In that regard, children’s literature is more like comics than like adult literature. We celebrate picture books illustrating old tales like Snow White. We enjoy reinterpretations of those stories, as in Donna Jo Napoli’s Beast, and modernizations, such as Sarah Beth Durst’s Into the Wild. Those books get treated as serious work, not postmodernist play or slumming.
That may apply only to very old stories, however. Sequels and rewrites of works published in the past century or so, and linked to a particular originator, still seem a bit iffy. I’m thinking of the latter-day sequels and rewrites of J. M. Barrie’s Peter Pan (which was itself derived from his play, of course), A. A. Milne’s Winnie the Pooh, Laura Ingalls Wilder’s Little House books, and Lewis Carroll’s Alice in Wonderland. They can be entertaining, but they rarely win awards. I suppose that’s a variation on the rule that ”If you steal from one person, it’s plagiarism; if you steal from many, it’s research.”
In that respect, children’s literature reflects adult literature’s preference for the entirely new over the reworked. Critics and critical readers value originality for its own sake. In some fields, the dominant artistic values elevate a half-baked story we’ve never heard before over an old story executed in a completely entertaining way.
For the past century in the visual arts, the presentation of a new concept has gotten more respect than illustrations that bring a literary or historical moment to life because the concept is more original, even if that concept is “a square on a rectangle.” For much of the twentieth century, in fact, illustrations were seen as so derivative that their copyrights remained with the words unless the artist had an explicit agreement otherwise.
But in cogitating about the history of various arts, I’ve come to this conclusion:
Originality is overrated.
Or, rather, our literary and artistic culture has, probably since the Romantic period in literature and for over a century in the visual arts, valued originality more than highly competent reworkings. If we look back on the art and literature of previous centuries, we see artists and writers unabashedly exploring the same topics and tales. The competition among artists over the same ground fueled both technique and creativity.

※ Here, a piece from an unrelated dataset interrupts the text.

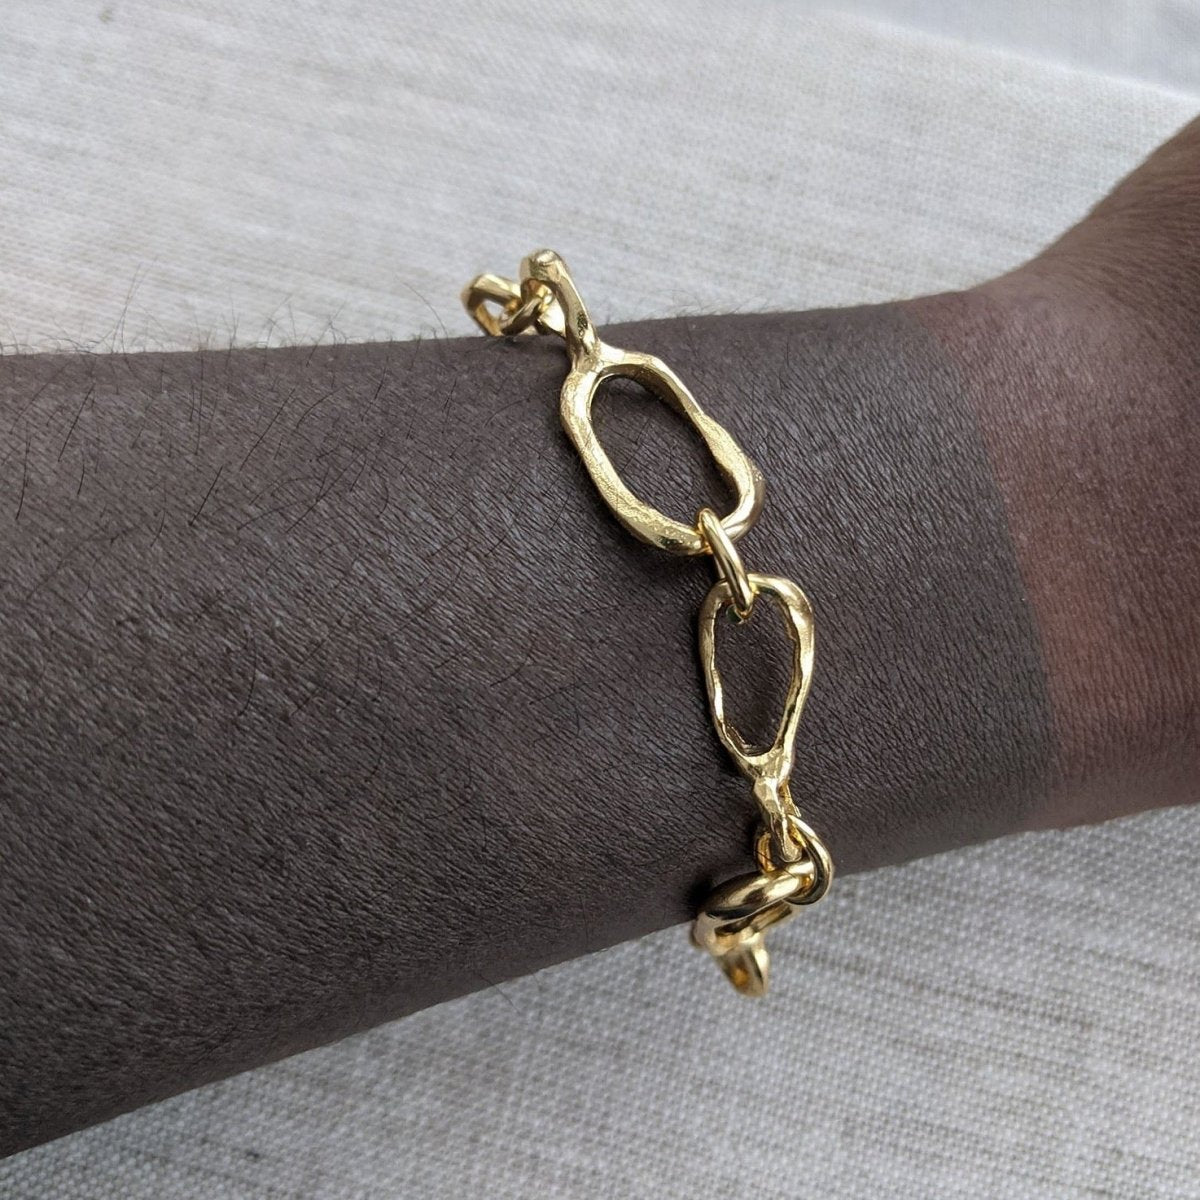 A model wears a linked 22 kt gold plated bracelet around their wrist. The Small Favors Link Sculptured Bracelet is designed by Lingua Nigra and handcrafted in Chicago, Illinois.

Consider how many centuries people have been entertained by stories of the Trojan War. The tradition of retelling that legend is older than literature itself. It takes in Dante and Shakespeare and and all them other high-falutin’ Greeks. Dryden and Pope took translating Homer’s epics as the best way to demonstrate their prowess as English poets.
The rediscovery of the “Laocoön and His Sons” marble in 1506 inspired El Greco a century later to paint the same subject (shown above, courtesy of the National Gallery in London). Two and a half centuries later, sculptors were still borrowing from it. But in the early 20th century, critics like Irving Babbitt and Clement Greenberg used the Laocoön as a metaphor for an outdated standard artists should leave behind.
So how are storytellers exploring the Trojan War legend today? Not in “literary fiction”; most novels about it are published as genre fiction. The most publicized recent retelling has been the movie Troy, and the most critically acclaimed is Eric Shanower’s comics saga, Age of Bronze.